AIM OF THE EXERCISE ▸
"Tora Shirt Dress - Magnolia Pearl Clothing" appears in one line of the records below. Output that line and each one after it, exactly, through the last line.

*** Begin section ***

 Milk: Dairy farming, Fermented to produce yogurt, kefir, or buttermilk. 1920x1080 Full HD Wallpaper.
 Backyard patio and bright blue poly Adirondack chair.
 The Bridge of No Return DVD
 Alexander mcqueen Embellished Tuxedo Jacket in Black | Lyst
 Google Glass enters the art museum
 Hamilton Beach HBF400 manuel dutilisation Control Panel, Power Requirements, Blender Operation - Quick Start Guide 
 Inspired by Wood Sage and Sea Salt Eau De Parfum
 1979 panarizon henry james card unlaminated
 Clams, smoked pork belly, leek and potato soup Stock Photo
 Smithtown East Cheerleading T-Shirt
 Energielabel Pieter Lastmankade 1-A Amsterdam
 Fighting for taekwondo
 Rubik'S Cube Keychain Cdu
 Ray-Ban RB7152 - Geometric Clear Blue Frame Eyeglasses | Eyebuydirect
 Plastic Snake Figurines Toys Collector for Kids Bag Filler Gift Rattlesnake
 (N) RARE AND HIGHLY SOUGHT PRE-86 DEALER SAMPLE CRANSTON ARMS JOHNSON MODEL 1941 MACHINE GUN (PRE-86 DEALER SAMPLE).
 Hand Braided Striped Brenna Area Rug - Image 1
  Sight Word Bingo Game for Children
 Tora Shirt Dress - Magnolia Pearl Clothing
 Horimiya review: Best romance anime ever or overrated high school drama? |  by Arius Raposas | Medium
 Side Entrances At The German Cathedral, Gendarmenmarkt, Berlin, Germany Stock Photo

*** End section ***

ANSWER BOX ▸
 Tora Shirt Dress - Magnolia Pearl Clothing
 Horimiya review: Best romance anime ever or overrated high school drama? |  by Arius Raposas | Medium
 Side Entrances At The German Cathedral, Gendarmenmarkt, Berlin, Germany Stock Photo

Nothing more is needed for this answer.